"The monetary policy committee (MPC) surprised the financial markets once again in October. Five of its six members voted to leave policy interest rates at current levels even though it switched its stance from neutral to calibrated tightening. Only Chetan Ghate voted for a rate hike while Ravindra Dholakia voted to stick to the neutral stance. Most polls of the private sector economists had shown an overwhelming expectation that interest rates would be raised for the third time in a row. The MPC majority thought otherwise.

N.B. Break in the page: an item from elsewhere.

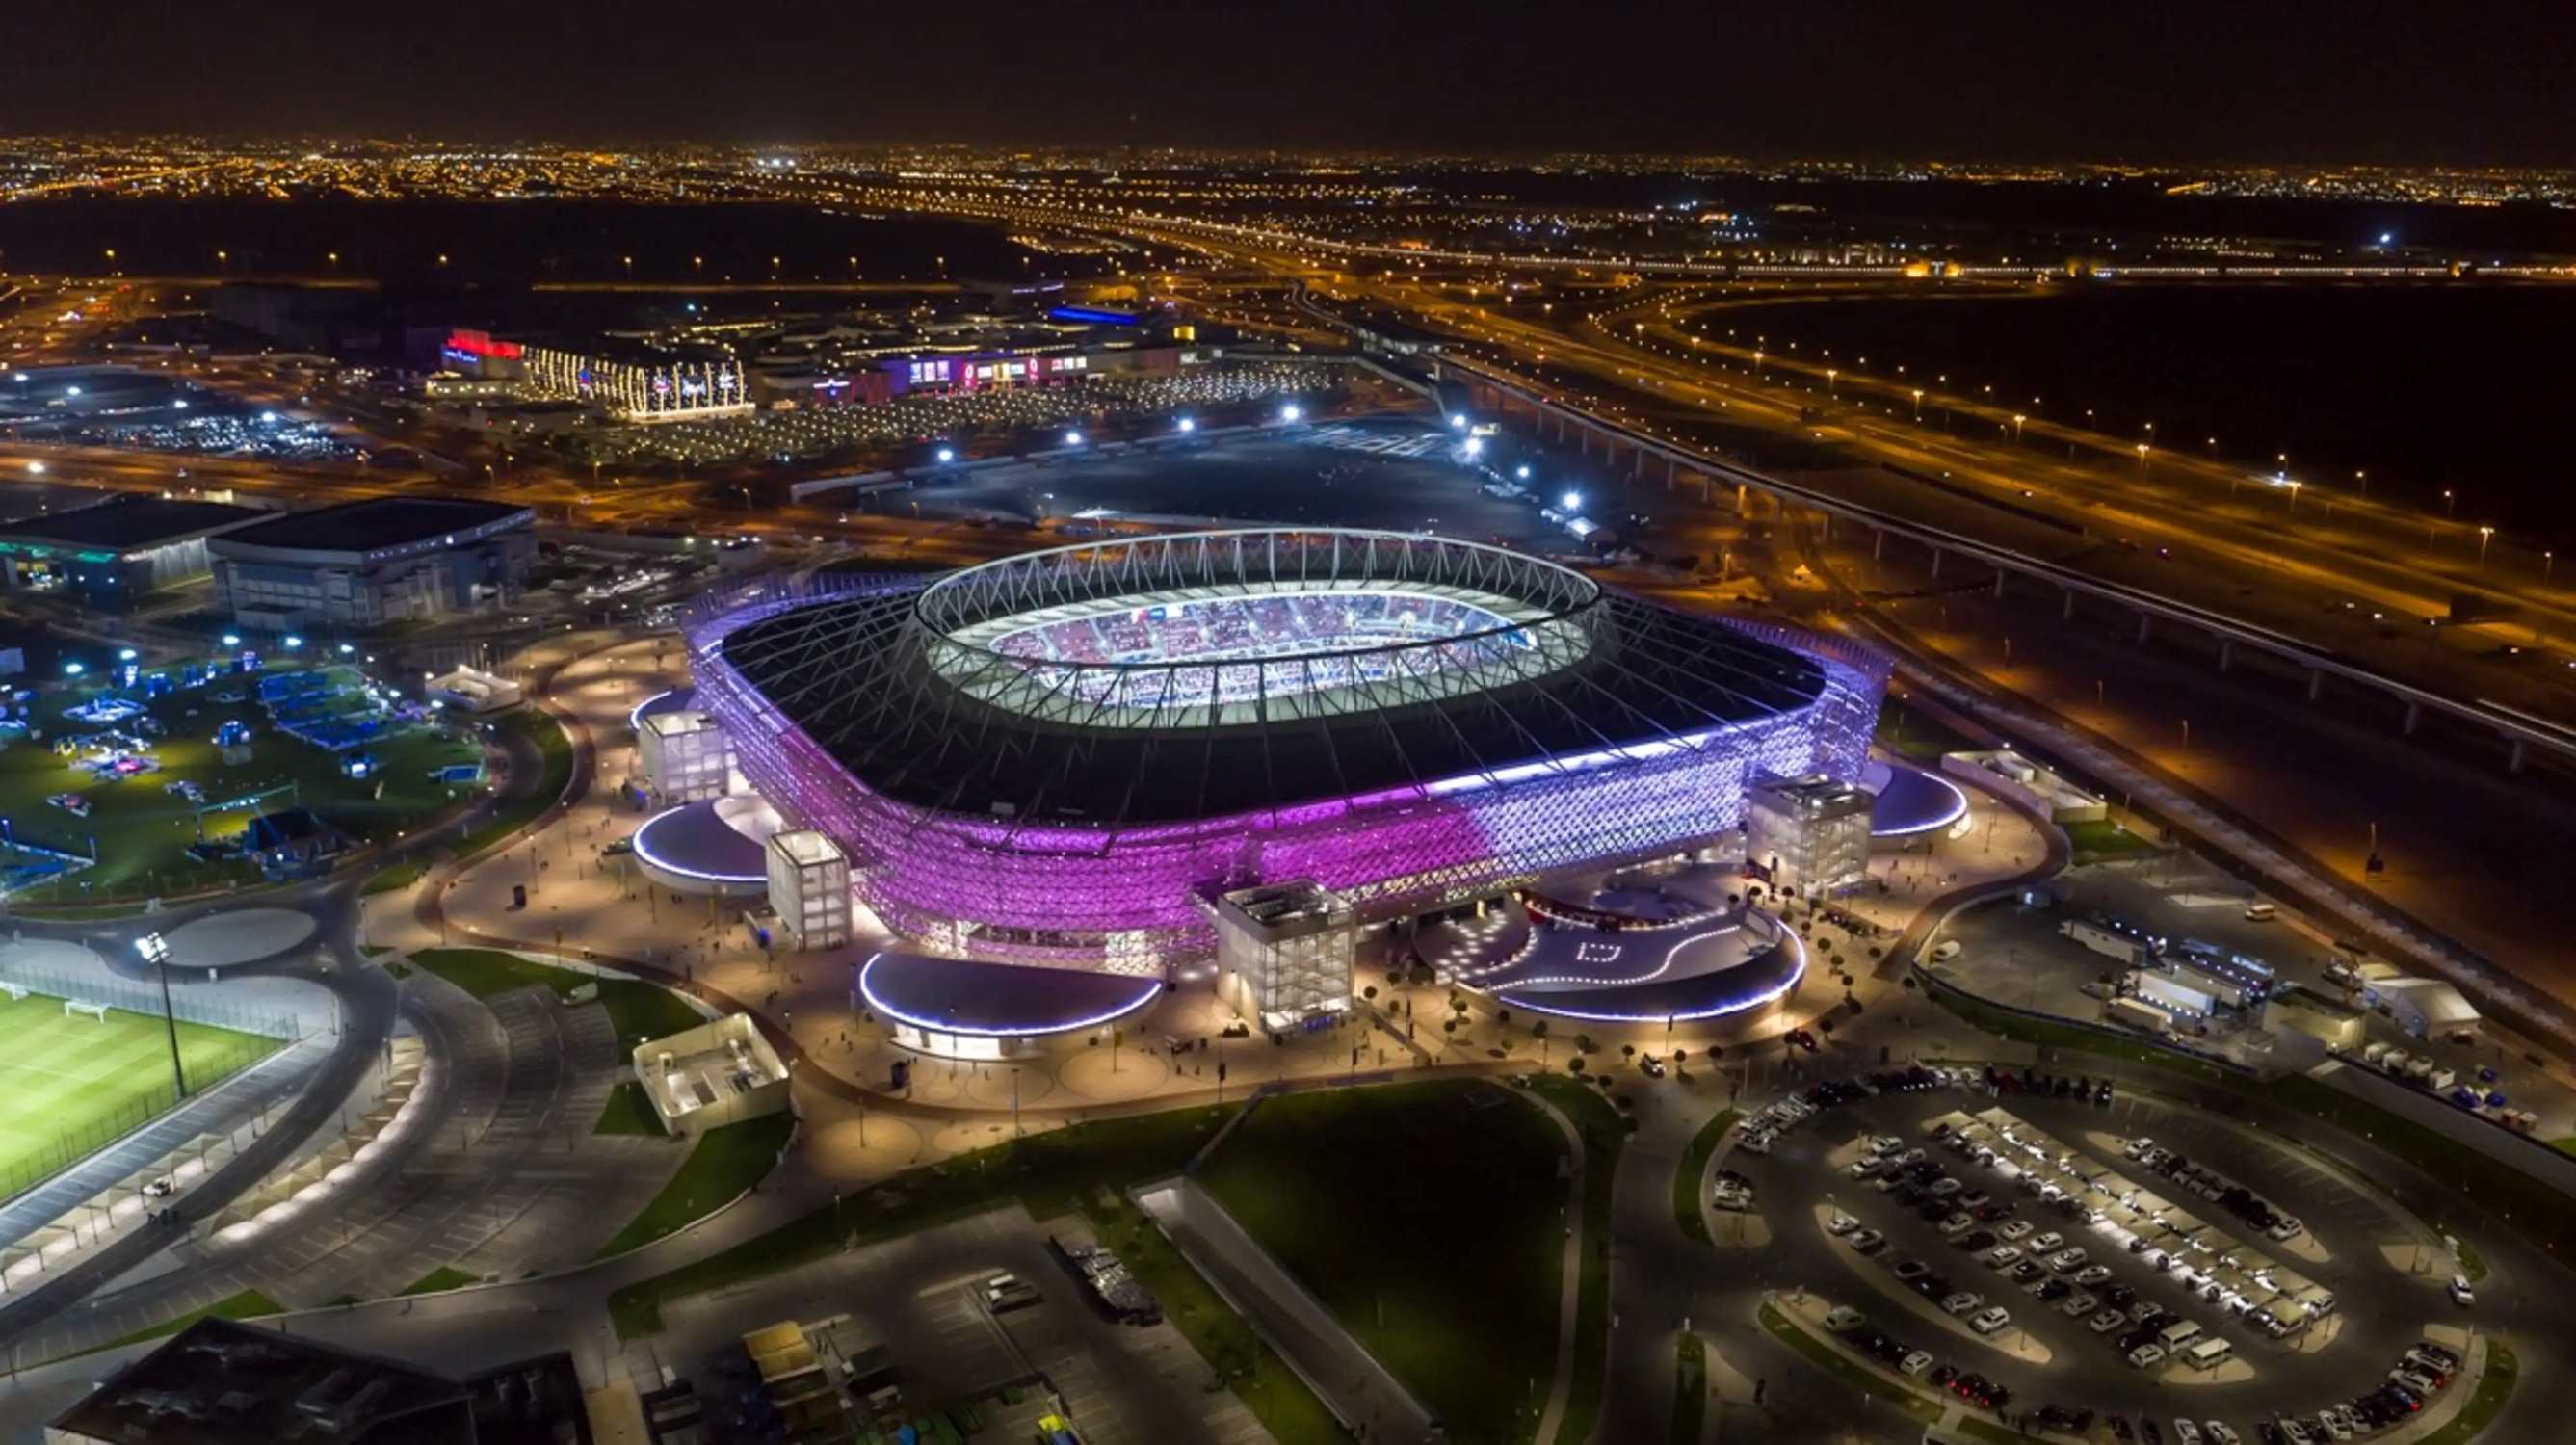 13 Intriguing Facts About Abdullah Bin Khalifa Stadium - Facts.net

There is a deeper puzzle here. The Indian central bank as well as the economists it surveys expect consumer price inflation to come down in the months ahead, before rising once more. This is perhaps the first time in recent memory when Indian inflation is expected to be muted despite higher global oil prices, a weaker rupee and a poor monsoon. They are usually the catalysts for accelerating inflation. The Reserve Bank of India (RBI) inflation forecast model broadly estimates that a 10% increase in oil prices pushes up inflation by 20 basis points. There are two forces at play. Higher oil prices feed into input costs across the economy while they also have a smaller disinflationary impact because of lower aggregate demand.
The baseline assumptions used by the RBI have changed since April. The Indian crude oil basket is now assumed to be at $80 a barrel rather than $68. The exchange rate used in the forecast model is ₹72.5 to a dollar rather than ₹65.5. The monsoon is 9% below the long period average compared to the April assumption of a normal monsoon. This is a combination of factors that should usually send inflation shooting up. What is happening?"